Warm up your kitchen with this irresistible Baked Winter Squash recipe, a perfect side dish for cozy nights or festive gatherings. Featuring versatile winter squash varieties like butternut, acorn, or delicata, this dish is roasted to perfection with a luscious glaze of olive oil, maple syrup, and aromatic cinnamon. Hints of fresh thyme elevate the earthy sweetness, while salt and black pepper add a gentle savory balance. The squash caramelizes beautifully, creating golden edges and tender bites that burst with flavor. Ready in just an hour, this easy, crowd-pleasing dish pairs wonderfully with roasted meats, seasonal salads, or grain bowls. Whether you're embracing fall flavors or looking for a hearty vegetarian option, this baked squash recipe hits all the right notes!
Preheat your oven to 400°F (200°C). Line a large baking sheet with parchment paper or lightly grease it.
Wash and dry the winter squash. Slice each squash in half lengthwise and scoop out the seeds using a spoon. If using delicata squash, you can leave the skin on. For butternut or acorn squash, you may choose to peel it if preferred.
Cut the squash into 1-inch thick slices or chunks for even cooking.
In a large mixing bowl, combine the olive oil, maple syrup, ground cinnamon, salt, and black pepper. If desired, add the fresh thyme for extra flavor.
Add the squash pieces to the bowl and toss until they are evenly coated with the mixture.
Spread the coated squash onto the prepared baking sheet in a single layer, making sure not to overcrowd them.
Bake in the preheated oven for 40-45 minutes, flipping the pieces halfway through, until the squash is tender and caramelized around the edges.
Remove from the oven and let cool for a few minutes before serving.

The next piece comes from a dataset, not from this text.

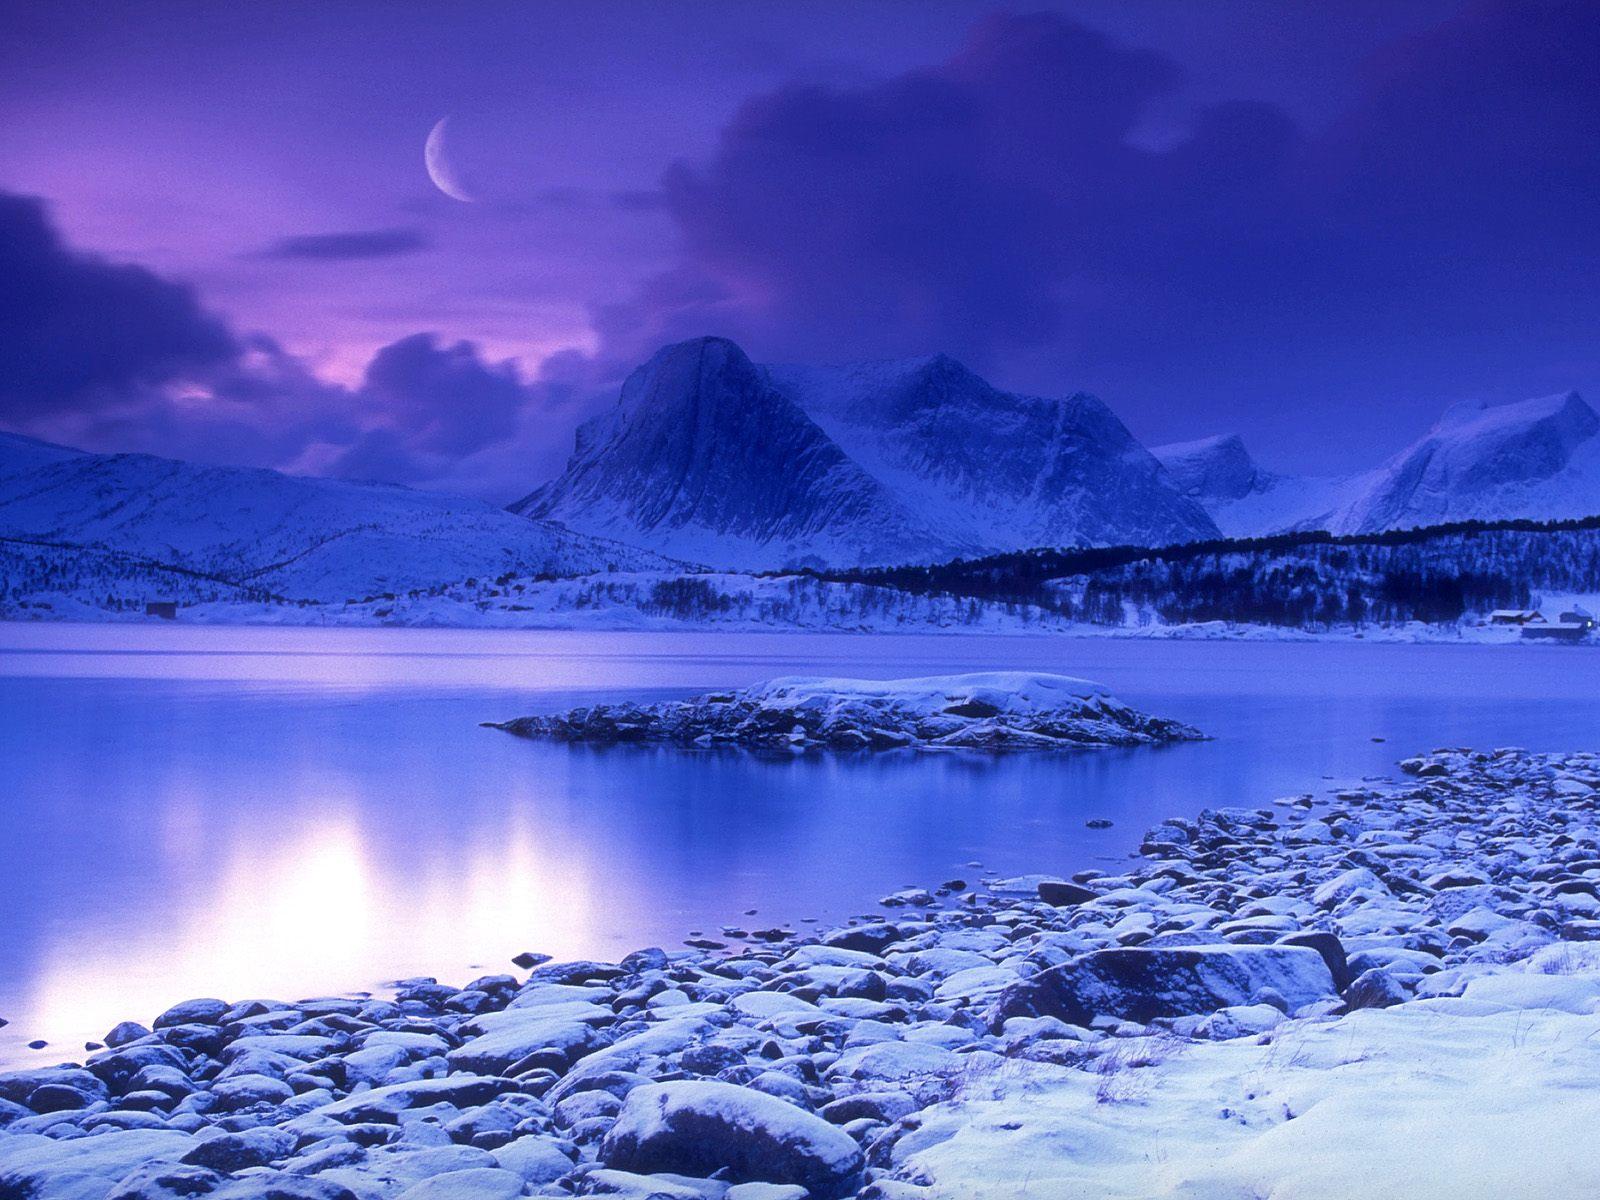 Cold Mountain Lake Wallpaper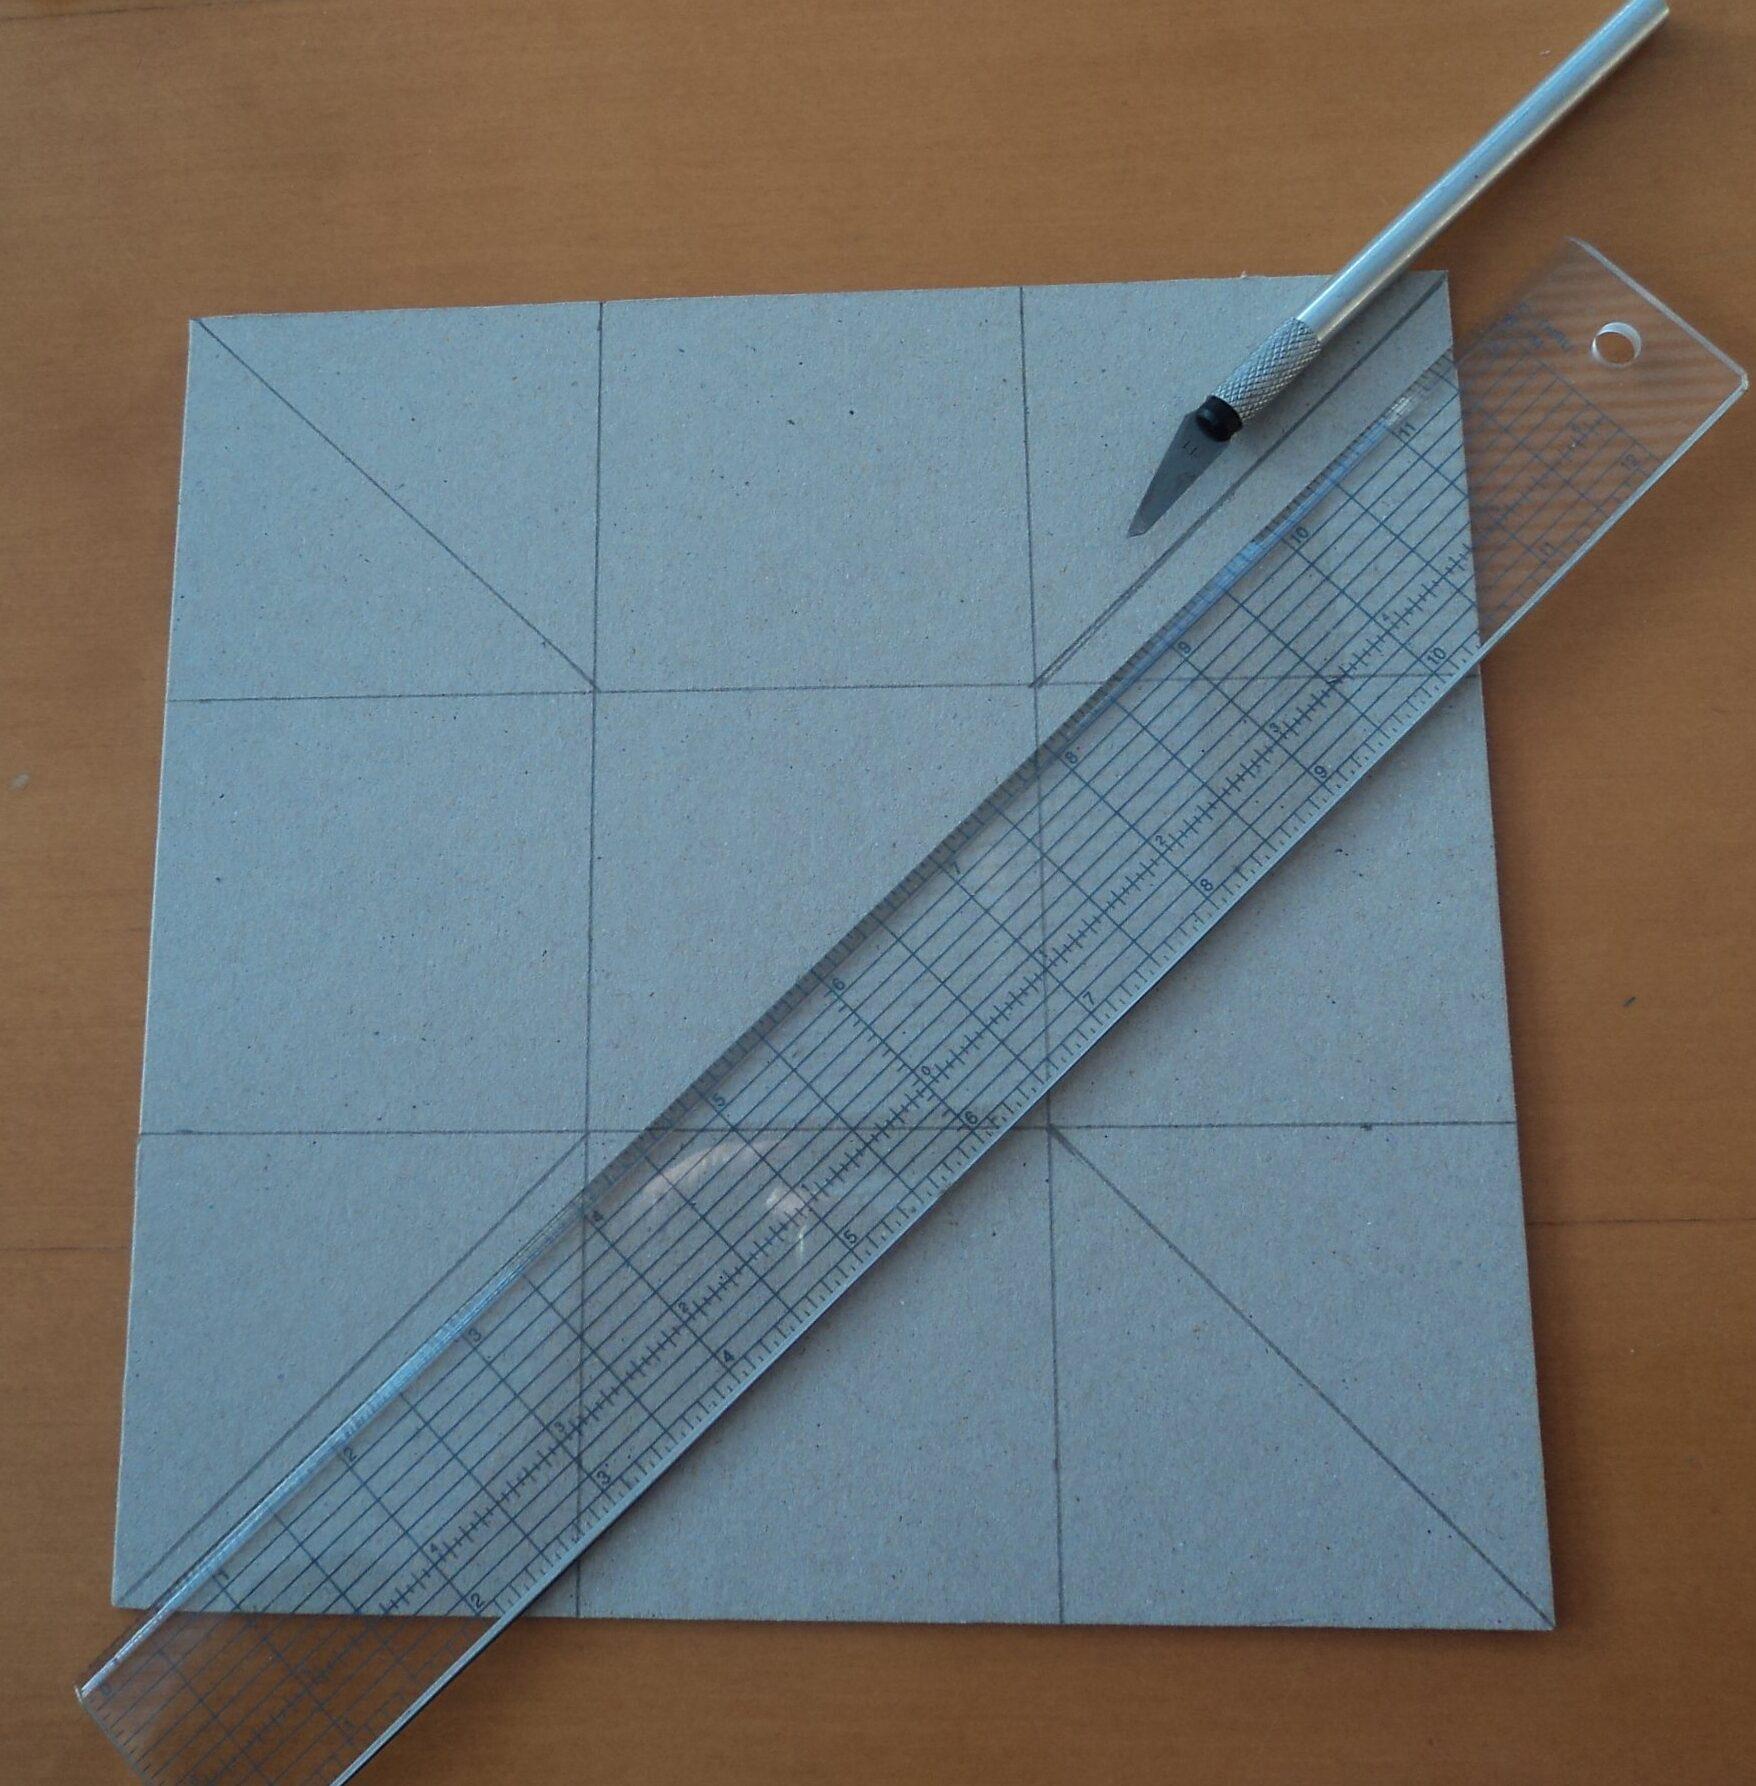 Linien auf Karton zeichnen und einritzen

Enjoy your baked winter squash as a side dish, salad topping, or a comforting main course!
Calories |
677 | ||
|---|---|---|---|
% Daily Value* |
|||
| Total Fat | 28.8 g | 37% | |
| Saturated Fat | 4.5 g | 22% | |
| Polyunsaturated Fat | 2.7 g | ||
| Cholesterol | 0 mg | 0% | |
| Sodium | 1215 mg | 53% | |
| Total Carbohydrate | 113.9 g | 41% | |
| Dietary Fiber | 26.6 g | 95% | |
| Total Sugars | 42.1 g | ||
| Protein | 7.1 g | 14% | |
| Vitamin D | 0.0 mcg | 0% | |
| Calcium | 344 mg | 26% | |
| Iron | 5.2 mg | 29% | |
| Potassium | 2285 mg | 49% | |
*The % Daily Value tells you how much a nutrient in a serving of food contributes to a daily diet. 2,000 calories a day is used for general nutrition advice.